The relationship is not obvious but it's due to a failure to rescan the full
zonelist after the fair zone allocation policy exhausts the batch count. While
this is a functional problem, it's also a performance issue.
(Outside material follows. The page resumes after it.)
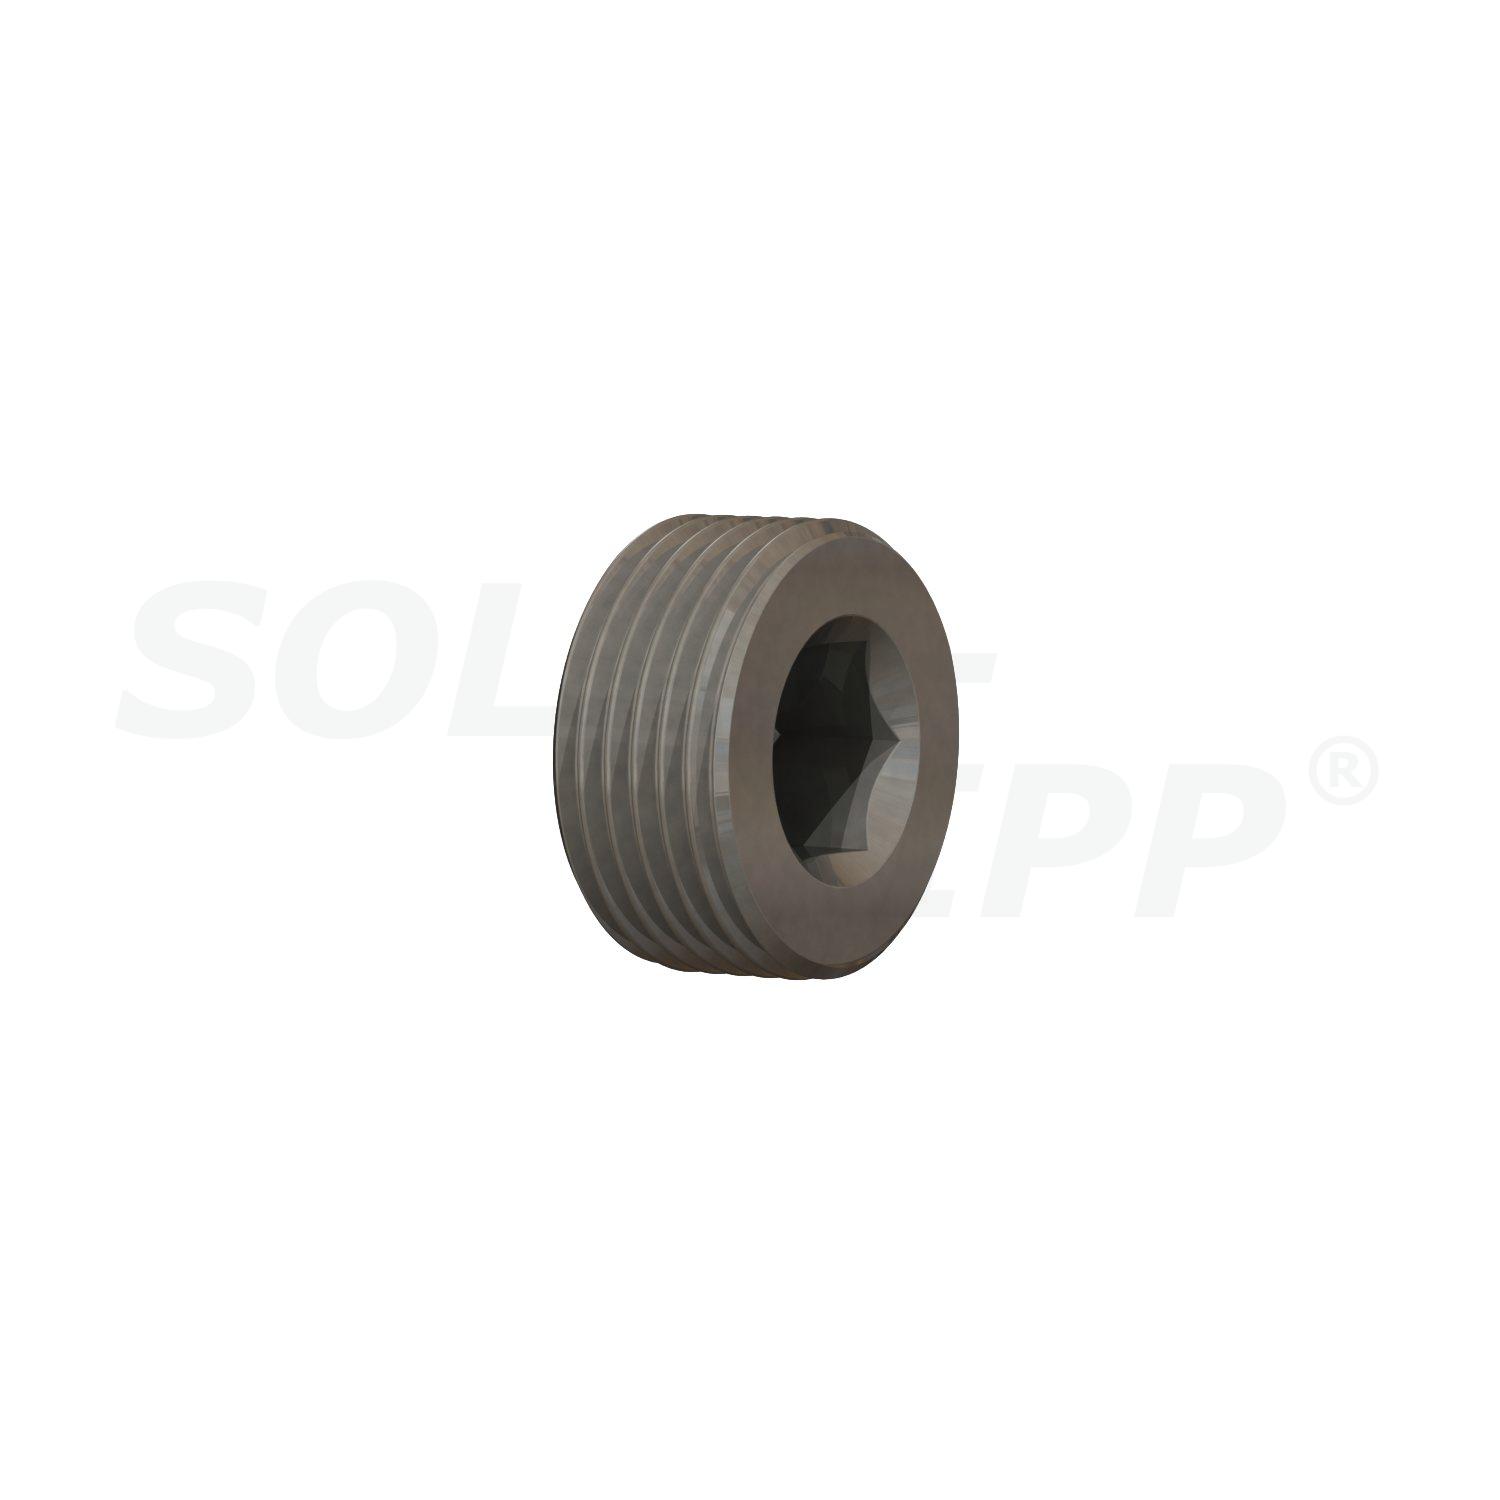 SOLAR-RIPP ® 3/4" schroefdraadplug van roestvrij staal

A page allocator
microbenchmark showed the following

4.7.0-rc1 4.7.0-rc1
vanilla reset-v1r2
Min alloc-odr0-1 327.00 ( 0.00%) 326.00 ( 0.31%)
Min alloc-odr0-2 235.00 ( 0.00%) 235.00 ( 0.00%)
Min alloc-odr0-4 198.00 ( 0.00%) 198.00 ( 0.00%)
Min alloc-odr0-8 170.00 ( 0.00%) 170.00 ( 0.00%)
Min alloc-odr0-16 156.00 ( 0.00%) 156.00 ( 0.00%)
Min alloc-odr0-32 150.00 ( 0.00%) 150.00 ( 0.00%)
Min alloc-odr0-64 146.00 ( 0.00%) 146.00 ( 0.00%)
Min alloc-odr0-128 145.00 ( 0.00%) 145.00 ( 0.00%)
Min alloc-odr0-256 155.00 ( 0.00%) 155.00 ( 0.00%)
Min alloc-odr0-512 168.00 ( 0.00%) 165.00 ( 1.79%)
Min alloc-odr0-1024 175.00 ( 0.00%) 174.00 ( 0.57%)
Min alloc-odr0-2048 180.00 ( 0.00%) 180.00 ( 0.00%)
Min alloc-odr0-4096 187.00 ( 0.00%) 186.00 ( 0.53%)
Min alloc-odr0-8192 190.00 ( 0.00%) 190.00 ( 0.00%)
Min alloc-odr0-16384 191.00 ( 0.00%) 191.00 ( 0.00%)
Min alloc-odr1-1 736.00 ( 0.00%) 445.00 ( 39.54%)
Min alloc-odr1-2 343.00 ( 0.00%) 335.00 ( 2.33%)
Min alloc-odr1-4 277.00 ( 0.00%) 270.00 ( 2.53%)
Min alloc-odr1-8 238.00 ( 0.00%) 233.00 ( 2.10%)
Min alloc-odr1-16 224.00 ( 0.00%) 218.00 ( 2.68%)
Min alloc-odr1-32 210.00 ( 0.00%) 208.00 ( 0.95%)
Min alloc-odr1-64 207.00 ( 0.00%) 203.00 ( 1.93%)
Min alloc-odr1-128 276.00 ( 0.00%) 202.00 ( 26.81%)
Min alloc-odr1-256 206.00 ( 0.00%) 202.00 ( 1.94%)
Min alloc-odr1-512 207.00 ( 0.00%) 202.00 ( 2.42%)
Min alloc-odr1-1024 208.00 ( 0.00%) 205.00 ( 1.44%)
Min alloc-odr1-2048 213.00 ( 0.00%) 212.00 ( 0.47%)
Min alloc-odr1-4096 218.00 ( 0.00%) 216.00 ( 0.92%)
Min alloc-odr1-8192 341.00 ( 0.00%) 219.00 ( 35.78%)
.
Note that order-0 allocations are unaffected but higher orders get
a small boost from this patch and a large reduction in system CPU
usage overall as can be seen here

4.7.0-rc1 4.7.0-rc1
vanilla reset-v1r2
User 85.32 86.31
System 2221.39 2053.36
Elapsed 2368.89 2202.47

Fixes: c33d6c06f60f ("mm, page_alloc: avoid looking up the first zone in a zonelist twice")
Reported-and-tested-by: Geert Uytterhoeven <geert@xxxxxxxxxxxxxx>
Signed-off-by: Mel Gorman <mgorman@xxxxxxxxxxxxxxxxxxx>
---
mm/page_alloc.c | 1 +
1 file changed, 1 insertion(+)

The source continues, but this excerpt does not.